= Maria Chona =

Native American weaver

Maria Chona (1845–1936) was a native American weaver and participant in anthropological research.

== Life ==
Maria Chona was born in 1845 on the Tohono O’odham reservation in what is now Arizona. Chona's Father José María was a leader within their community. In her childhood Chona learnt to weave, and became an accomplished basket weaver. In her early teens Chona was married off to the son of a medicine man, to whom she had a daughter. Becoming unhappy after her husband took another wife, Chona divorced him and returned to live with her parents. Upon remarrying, Chona moved to Tucson and had two sons.

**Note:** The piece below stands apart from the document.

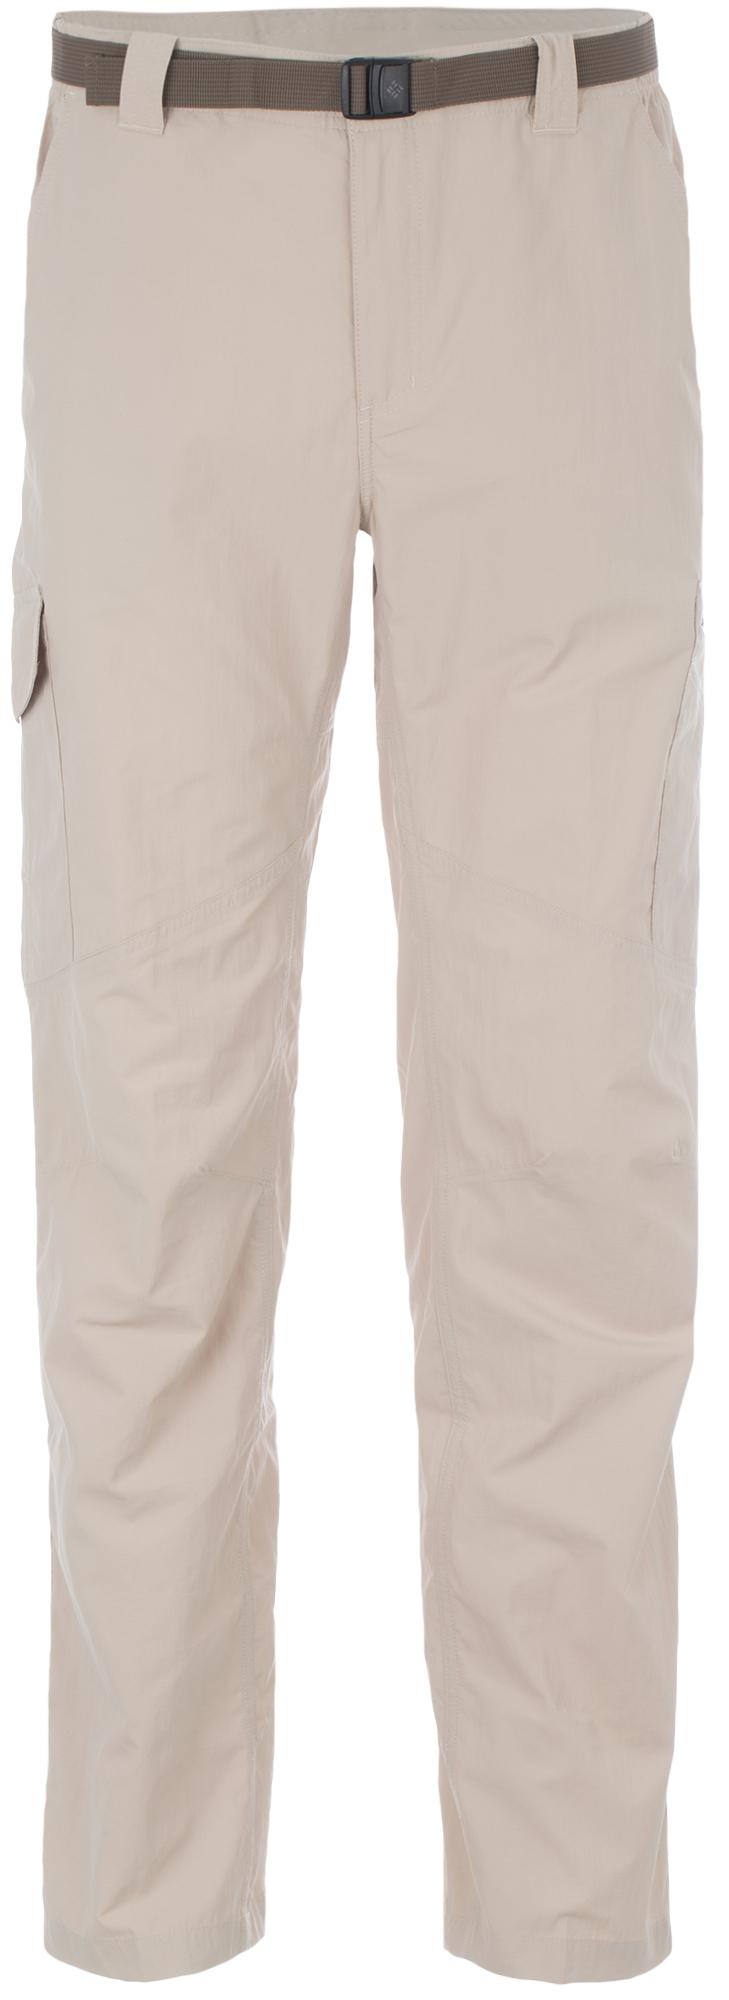 Columbia Брюки мужские Columbia Silver Ridge, размер 56-34 брюки спортивные мужские columbia bridge to bluff цвет серо синий 1578203 028 размер 38 54
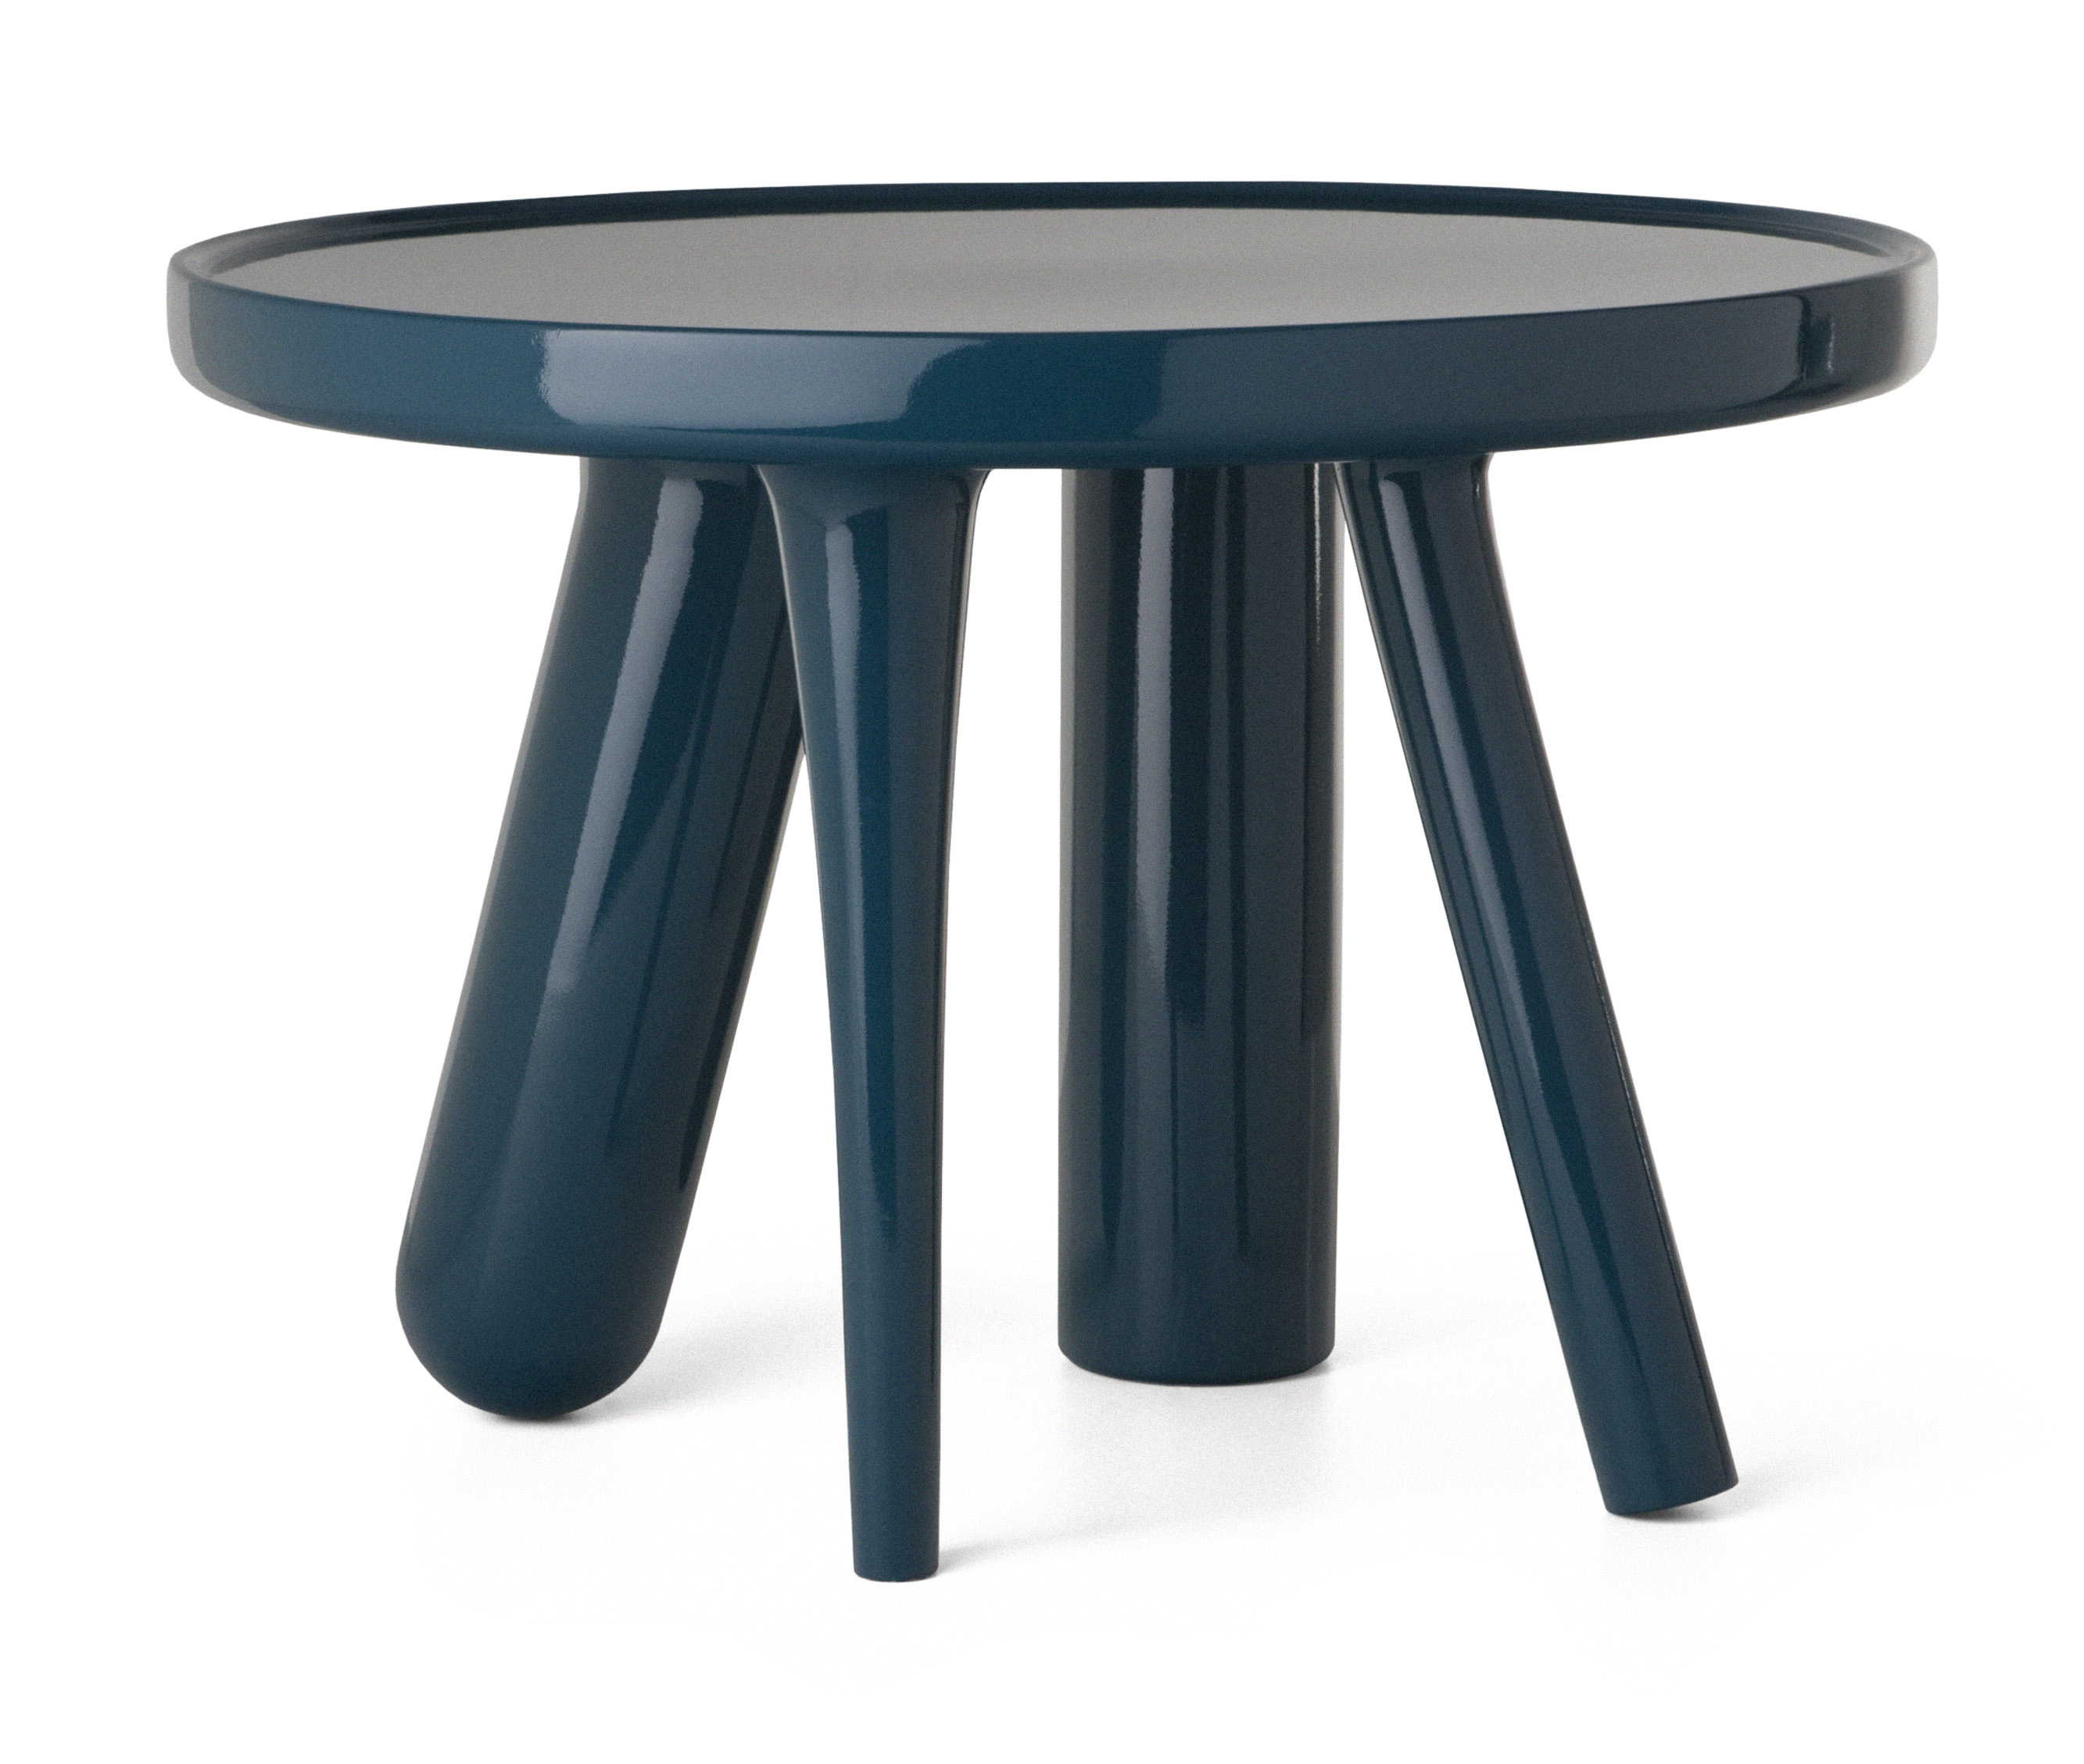 jaime hayon elements table

== Anthropology involvement ==
In the 1930s Chona participated in Ruth Murray Underhill's research on the culture and lifestyle of the Tohono O'odham people. Underhill saw parallels between their lives, with both of them being divorced women working within what she saw a patriarchal societies. Because of this Underhill posited that Chona was a feminist. Author Liz Sonneborn notes that Underhill's research on Native American women is a unique contrast to other research at the time which predominantly focused on men, saying "these stories quietly detail the trials and triumphs of everyday life and the network of personal relationships Indian women traditionally had relied upon for their survival." Underhill helped Chona to publish her life story, "The Autobiography of a Papago Woman" - making her the first Southwestern Native American woman to do so.